(Stored entries)
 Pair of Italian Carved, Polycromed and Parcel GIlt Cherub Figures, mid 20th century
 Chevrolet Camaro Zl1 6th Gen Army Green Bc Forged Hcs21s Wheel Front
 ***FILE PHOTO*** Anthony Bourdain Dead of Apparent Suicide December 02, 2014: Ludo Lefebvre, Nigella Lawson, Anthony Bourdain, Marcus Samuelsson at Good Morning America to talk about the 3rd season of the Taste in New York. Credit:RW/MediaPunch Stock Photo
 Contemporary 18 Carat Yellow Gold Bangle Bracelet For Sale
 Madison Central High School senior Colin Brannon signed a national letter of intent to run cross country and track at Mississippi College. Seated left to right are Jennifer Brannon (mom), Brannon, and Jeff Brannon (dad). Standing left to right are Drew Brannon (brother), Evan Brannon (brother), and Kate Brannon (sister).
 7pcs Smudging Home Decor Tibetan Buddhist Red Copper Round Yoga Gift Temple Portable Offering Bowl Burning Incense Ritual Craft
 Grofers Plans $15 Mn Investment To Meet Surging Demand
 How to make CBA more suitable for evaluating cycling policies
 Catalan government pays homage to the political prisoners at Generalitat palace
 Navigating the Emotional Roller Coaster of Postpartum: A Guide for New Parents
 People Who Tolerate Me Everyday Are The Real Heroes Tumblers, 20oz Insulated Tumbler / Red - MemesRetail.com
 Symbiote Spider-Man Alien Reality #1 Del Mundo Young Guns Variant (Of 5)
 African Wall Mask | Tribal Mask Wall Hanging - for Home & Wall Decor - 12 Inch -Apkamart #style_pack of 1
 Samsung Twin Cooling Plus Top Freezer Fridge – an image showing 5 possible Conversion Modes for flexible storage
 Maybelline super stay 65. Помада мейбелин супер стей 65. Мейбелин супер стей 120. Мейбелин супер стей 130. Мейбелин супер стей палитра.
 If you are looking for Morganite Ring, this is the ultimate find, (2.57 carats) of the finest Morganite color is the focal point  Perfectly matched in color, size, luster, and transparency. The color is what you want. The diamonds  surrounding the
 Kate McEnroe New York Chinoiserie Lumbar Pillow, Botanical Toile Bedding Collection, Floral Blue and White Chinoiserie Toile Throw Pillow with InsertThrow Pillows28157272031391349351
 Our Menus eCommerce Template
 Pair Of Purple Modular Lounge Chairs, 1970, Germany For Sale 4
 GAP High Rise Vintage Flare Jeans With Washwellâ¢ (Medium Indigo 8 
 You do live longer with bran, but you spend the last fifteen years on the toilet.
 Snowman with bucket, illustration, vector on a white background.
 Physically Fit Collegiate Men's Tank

TRY IT. Beginning at the line that holds "You do live", copy every line through the end of the entries exactly as given, and only those lines.

SOLVED EXERCISE.
 You do live longer with bran, but you spend the last fifteen years on the toilet.
 Snowman with bucket, illustration, vector on a white background.
 Physically Fit Collegiate Men's Tank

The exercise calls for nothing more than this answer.